Data segment:
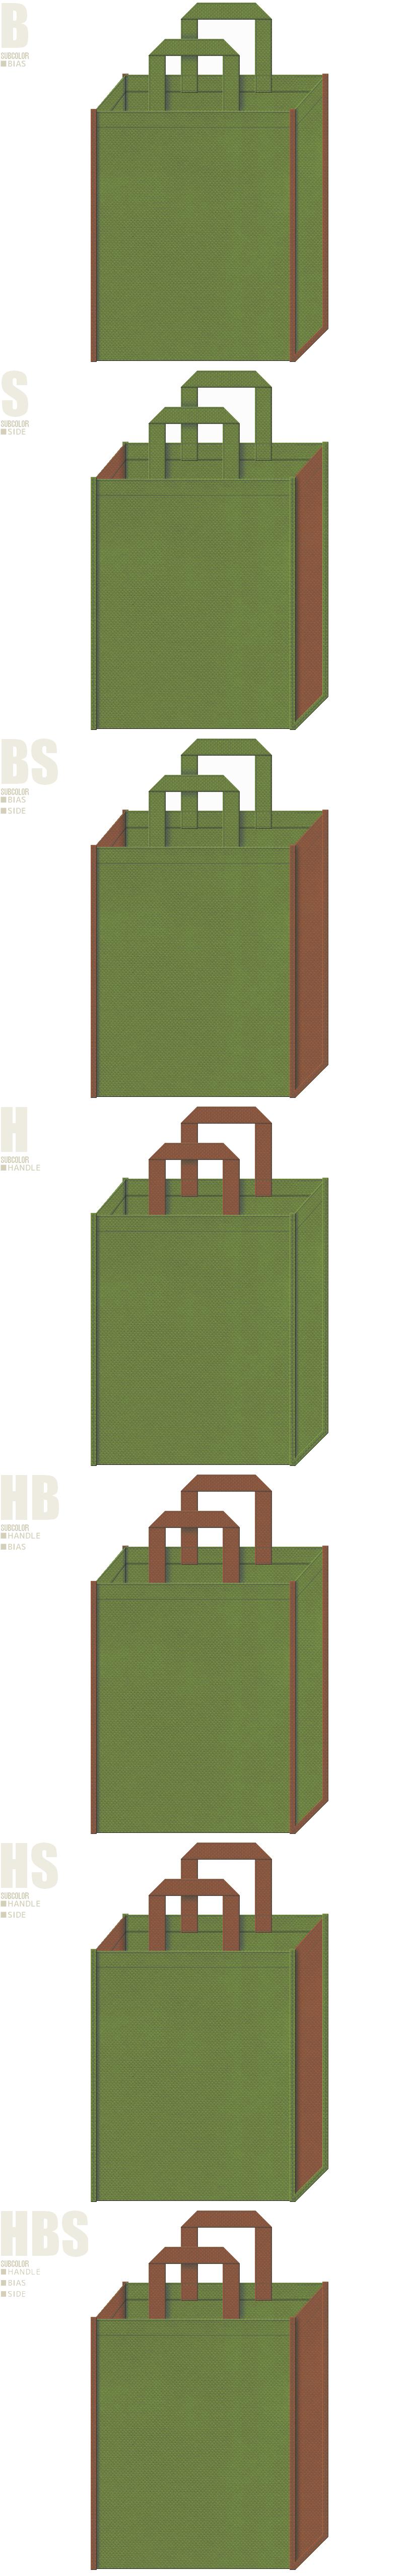 草色と茶色、7パターンの不織布トートバッグ配色デザイン例。草餅風の不織布バッグにお奨めの配色です。
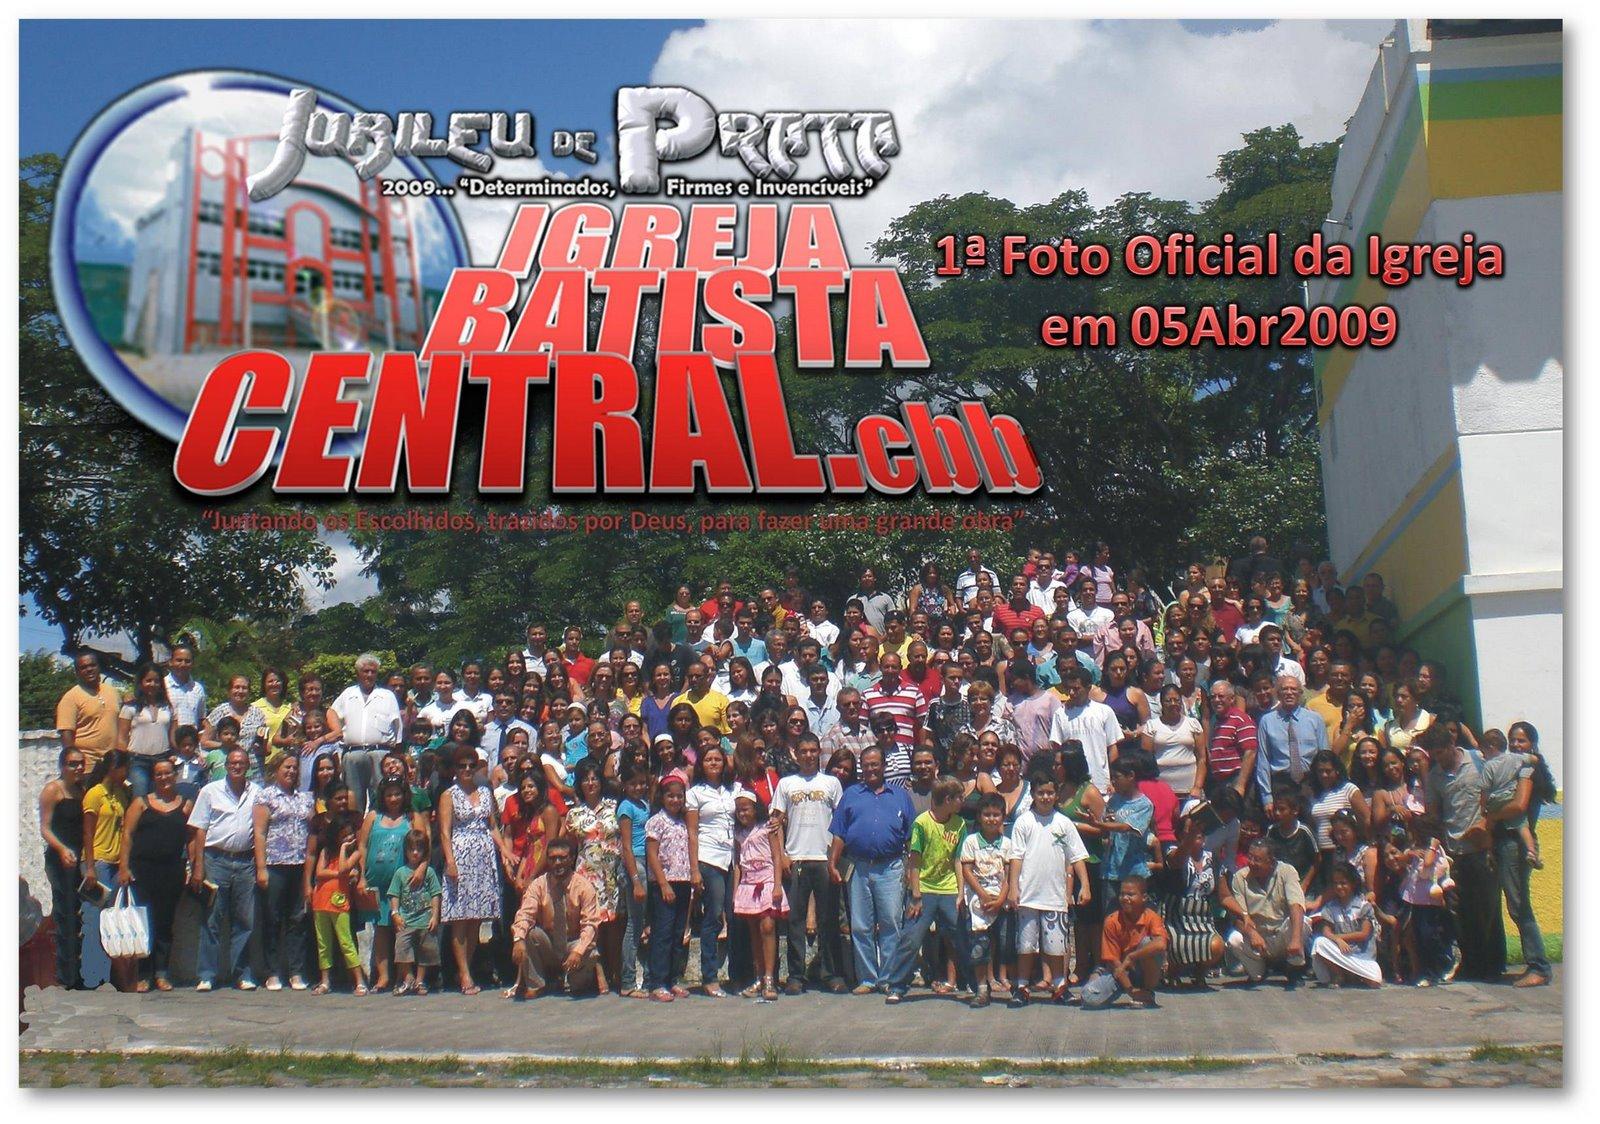 [20090405+1ª+Foto+Oficial+da+Igreja+no+Jubileu+de+Ouro.jpg]
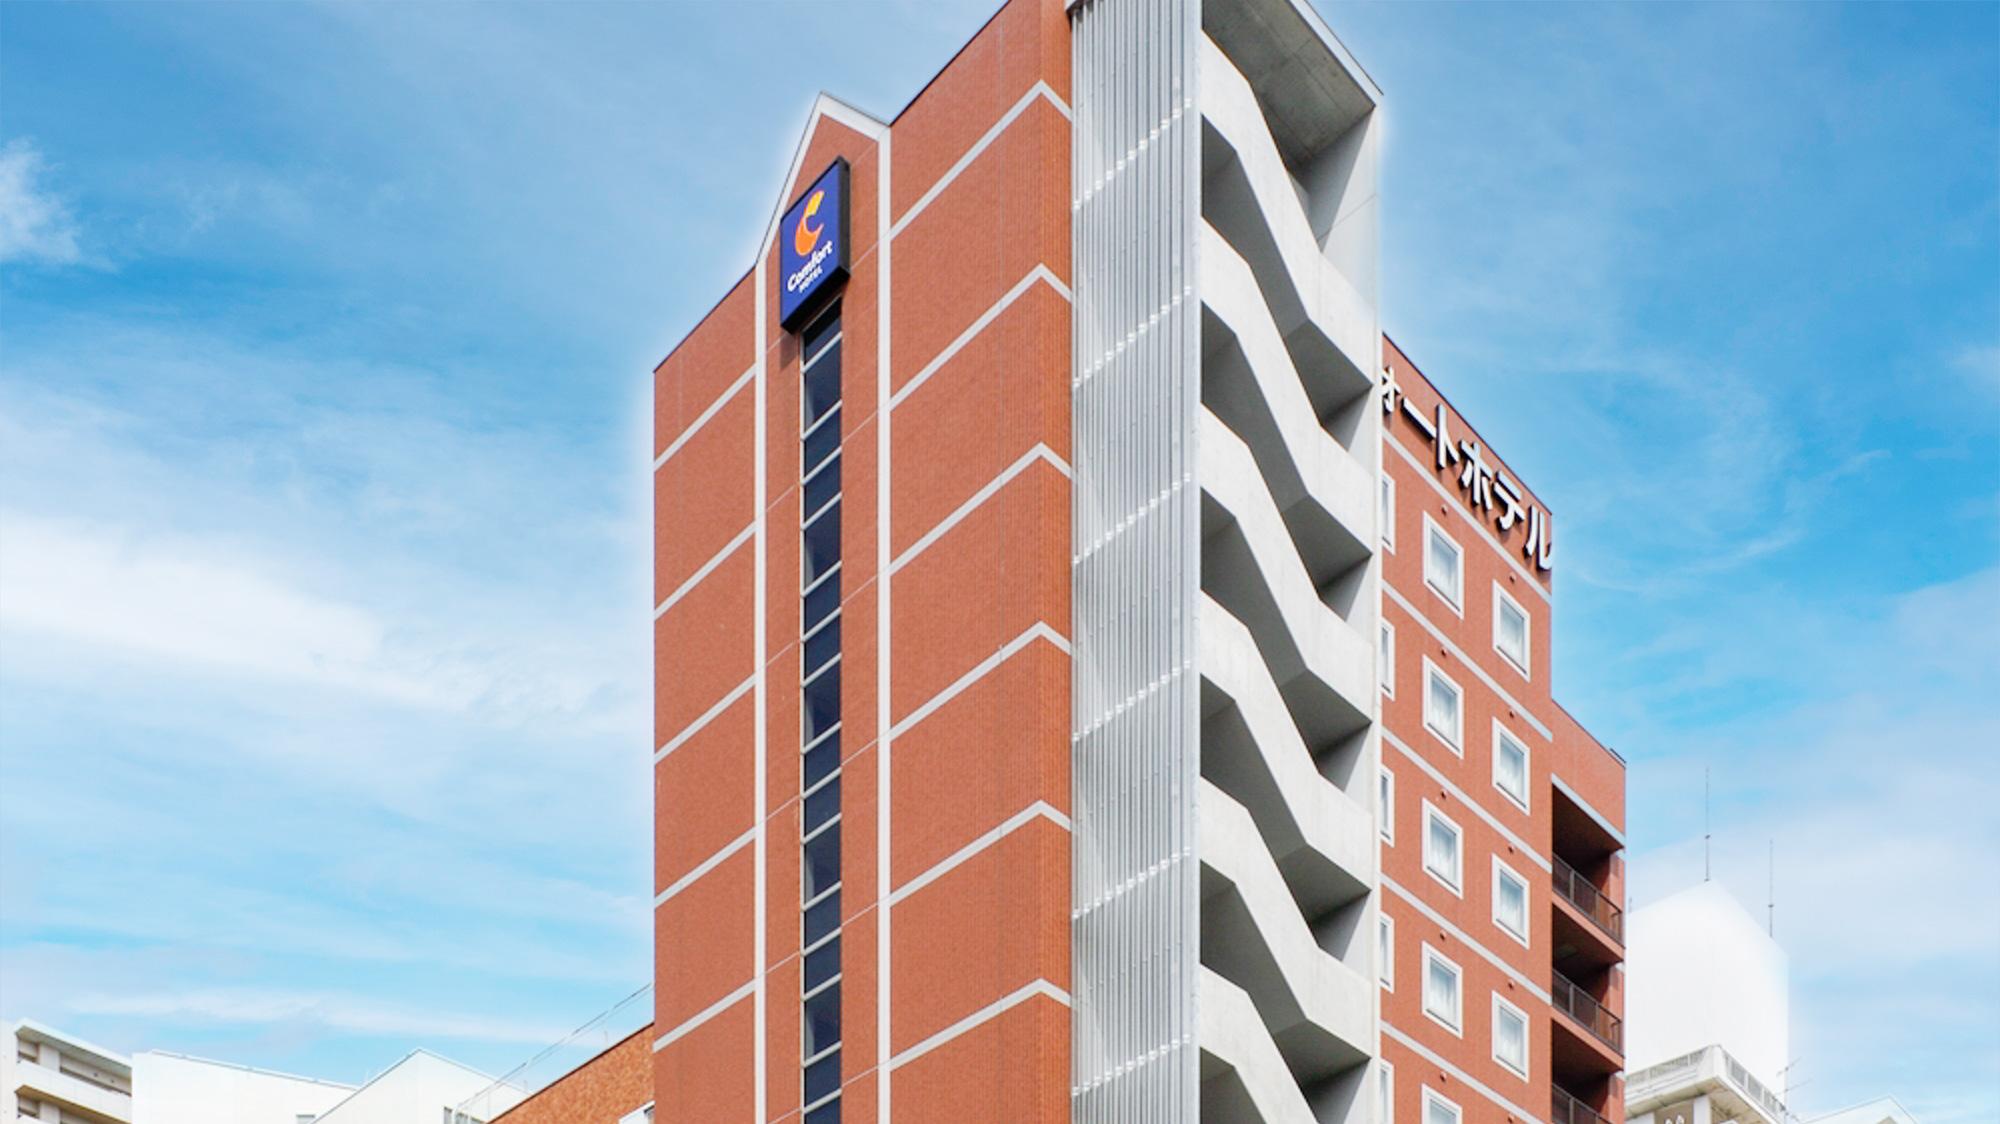 コンフォート ホテル 函館◆楽天トラベル

Your objective: Before you return the listing exactly, strip out its pictures.

Exercise solution:
 草色と茶色、7パターンの不織布トートバッグ配色デザイン例。草餅風の不織布バッグにお奨めの配色です。
 [20090405+1ª+Foto+Oficial+da+Igreja+no+Jubileu+de+Ouro.jpg]
 コンフォート ホテル 函館◆楽天トラベル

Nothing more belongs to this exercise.